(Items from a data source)
==========

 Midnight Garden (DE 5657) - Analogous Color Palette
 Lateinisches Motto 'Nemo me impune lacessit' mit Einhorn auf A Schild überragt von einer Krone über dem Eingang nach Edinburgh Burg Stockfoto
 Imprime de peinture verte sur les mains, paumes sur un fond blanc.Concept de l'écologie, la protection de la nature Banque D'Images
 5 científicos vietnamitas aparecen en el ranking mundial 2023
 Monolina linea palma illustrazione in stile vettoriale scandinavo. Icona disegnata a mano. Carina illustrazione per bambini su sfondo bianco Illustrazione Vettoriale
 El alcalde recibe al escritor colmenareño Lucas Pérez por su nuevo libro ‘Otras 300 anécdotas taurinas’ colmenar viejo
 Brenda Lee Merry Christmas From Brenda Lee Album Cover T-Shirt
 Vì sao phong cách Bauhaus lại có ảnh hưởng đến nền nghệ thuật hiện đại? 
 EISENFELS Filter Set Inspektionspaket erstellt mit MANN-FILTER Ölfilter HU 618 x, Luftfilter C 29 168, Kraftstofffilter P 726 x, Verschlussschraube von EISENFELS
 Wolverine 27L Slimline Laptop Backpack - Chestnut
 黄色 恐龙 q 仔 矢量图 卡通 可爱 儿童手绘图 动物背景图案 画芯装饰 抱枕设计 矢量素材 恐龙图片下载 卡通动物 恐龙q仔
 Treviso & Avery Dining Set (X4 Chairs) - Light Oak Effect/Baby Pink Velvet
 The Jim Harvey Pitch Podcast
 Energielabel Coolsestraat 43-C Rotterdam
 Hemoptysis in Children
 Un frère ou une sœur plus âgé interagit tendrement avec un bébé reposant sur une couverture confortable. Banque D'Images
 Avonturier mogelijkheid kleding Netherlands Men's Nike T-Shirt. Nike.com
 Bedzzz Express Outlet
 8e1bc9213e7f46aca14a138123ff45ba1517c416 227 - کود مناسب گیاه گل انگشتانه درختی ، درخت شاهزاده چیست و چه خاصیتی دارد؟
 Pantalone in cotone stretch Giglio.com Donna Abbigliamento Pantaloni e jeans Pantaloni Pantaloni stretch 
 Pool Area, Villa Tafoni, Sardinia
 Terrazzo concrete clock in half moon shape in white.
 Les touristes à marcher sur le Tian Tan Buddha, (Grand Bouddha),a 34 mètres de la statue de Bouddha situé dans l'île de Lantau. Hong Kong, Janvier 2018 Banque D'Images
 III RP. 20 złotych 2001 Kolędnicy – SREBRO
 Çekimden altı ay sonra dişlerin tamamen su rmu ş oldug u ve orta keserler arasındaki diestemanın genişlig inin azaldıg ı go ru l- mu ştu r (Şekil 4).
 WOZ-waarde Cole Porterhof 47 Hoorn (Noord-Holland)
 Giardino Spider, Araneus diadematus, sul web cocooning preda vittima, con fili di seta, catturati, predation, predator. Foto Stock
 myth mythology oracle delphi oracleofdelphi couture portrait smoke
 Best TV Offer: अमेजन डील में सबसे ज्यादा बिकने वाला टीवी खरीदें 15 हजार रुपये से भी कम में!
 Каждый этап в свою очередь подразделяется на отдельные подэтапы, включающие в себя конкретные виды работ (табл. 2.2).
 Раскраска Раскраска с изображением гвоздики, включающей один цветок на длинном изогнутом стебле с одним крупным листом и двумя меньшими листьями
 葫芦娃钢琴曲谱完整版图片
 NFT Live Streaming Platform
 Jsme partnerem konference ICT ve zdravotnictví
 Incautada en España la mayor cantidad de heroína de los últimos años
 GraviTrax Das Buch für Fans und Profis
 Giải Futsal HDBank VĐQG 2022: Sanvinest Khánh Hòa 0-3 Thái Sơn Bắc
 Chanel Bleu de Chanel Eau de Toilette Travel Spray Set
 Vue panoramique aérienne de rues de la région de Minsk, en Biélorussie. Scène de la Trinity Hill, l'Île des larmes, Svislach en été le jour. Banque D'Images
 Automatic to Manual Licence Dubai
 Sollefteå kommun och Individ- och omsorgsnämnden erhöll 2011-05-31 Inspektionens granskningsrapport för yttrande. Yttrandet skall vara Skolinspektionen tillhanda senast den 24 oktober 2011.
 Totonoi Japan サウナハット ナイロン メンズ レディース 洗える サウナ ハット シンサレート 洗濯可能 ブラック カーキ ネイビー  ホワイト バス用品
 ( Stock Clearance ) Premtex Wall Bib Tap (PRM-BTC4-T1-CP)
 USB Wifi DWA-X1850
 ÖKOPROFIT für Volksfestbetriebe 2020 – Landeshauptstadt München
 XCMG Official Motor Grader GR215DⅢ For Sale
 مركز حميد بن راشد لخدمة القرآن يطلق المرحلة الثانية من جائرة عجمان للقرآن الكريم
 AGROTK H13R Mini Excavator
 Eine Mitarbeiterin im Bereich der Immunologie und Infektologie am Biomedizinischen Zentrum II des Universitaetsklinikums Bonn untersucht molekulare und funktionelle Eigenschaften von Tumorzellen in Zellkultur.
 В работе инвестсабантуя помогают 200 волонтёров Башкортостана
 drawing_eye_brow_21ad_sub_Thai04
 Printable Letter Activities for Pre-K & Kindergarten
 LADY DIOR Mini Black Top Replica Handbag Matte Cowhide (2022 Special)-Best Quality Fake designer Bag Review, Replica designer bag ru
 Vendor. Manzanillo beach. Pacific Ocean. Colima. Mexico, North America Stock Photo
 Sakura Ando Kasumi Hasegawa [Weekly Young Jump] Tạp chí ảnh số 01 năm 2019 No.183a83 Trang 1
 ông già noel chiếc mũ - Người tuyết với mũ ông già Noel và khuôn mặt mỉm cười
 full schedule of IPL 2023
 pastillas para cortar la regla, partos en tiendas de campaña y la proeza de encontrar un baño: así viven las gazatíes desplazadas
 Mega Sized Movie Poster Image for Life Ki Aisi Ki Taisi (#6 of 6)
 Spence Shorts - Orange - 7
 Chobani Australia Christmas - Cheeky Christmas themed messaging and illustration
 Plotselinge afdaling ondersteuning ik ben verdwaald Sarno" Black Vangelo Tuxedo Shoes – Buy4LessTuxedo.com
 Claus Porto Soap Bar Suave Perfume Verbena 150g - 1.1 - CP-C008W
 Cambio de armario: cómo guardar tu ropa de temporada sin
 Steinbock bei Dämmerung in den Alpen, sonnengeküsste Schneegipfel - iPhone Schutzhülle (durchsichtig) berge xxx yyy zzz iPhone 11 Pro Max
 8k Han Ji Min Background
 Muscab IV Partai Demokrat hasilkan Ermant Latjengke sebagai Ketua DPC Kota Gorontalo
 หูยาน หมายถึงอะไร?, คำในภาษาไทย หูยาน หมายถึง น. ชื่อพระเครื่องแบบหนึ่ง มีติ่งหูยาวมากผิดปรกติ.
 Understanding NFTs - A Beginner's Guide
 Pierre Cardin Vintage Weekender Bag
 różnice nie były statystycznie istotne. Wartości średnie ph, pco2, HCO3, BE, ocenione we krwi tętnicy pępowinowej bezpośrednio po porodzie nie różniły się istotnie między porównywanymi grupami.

==========

__EXERCISE BRIEF__. Starting at the first line of the data above, please restate word for word every line up to and including the one that holds "黄色 恐龙 q 仔 矢量图", and add nothing else.

__WRITTEN SOLUTION__.
 Midnight Garden (DE 5657) - Analogous Color Palette
 Lateinisches Motto 'Nemo me impune lacessit' mit Einhorn auf A Schild überragt von einer Krone über dem Eingang nach Edinburgh Burg Stockfoto
 Imprime de peinture verte sur les mains, paumes sur un fond blanc.Concept de l'écologie, la protection de la nature Banque D'Images
 5 científicos vietnamitas aparecen en el ranking mundial 2023
 Monolina linea palma illustrazione in stile vettoriale scandinavo. Icona disegnata a mano. Carina illustrazione per bambini su sfondo bianco Illustrazione Vettoriale
 El alcalde recibe al escritor colmenareño Lucas Pérez por su nuevo libro ‘Otras 300 anécdotas taurinas’ colmenar viejo
 Brenda Lee Merry Christmas From Brenda Lee Album Cover T-Shirt
 Vì sao phong cách Bauhaus lại có ảnh hưởng đến nền nghệ thuật hiện đại? 
 EISENFELS Filter Set Inspektionspaket erstellt mit MANN-FILTER Ölfilter HU 618 x, Luftfilter C 29 168, Kraftstofffilter P 726 x, Verschlussschraube von EISENFELS
 Wolverine 27L Slimline Laptop Backpack - Chestnut
 黄色 恐龙 q 仔 矢量图 卡通 可爱 儿童手绘图 动物背景图案 画芯装饰 抱枕设计 矢量素材 恐龙图片下载 卡通动物 恐龙q仔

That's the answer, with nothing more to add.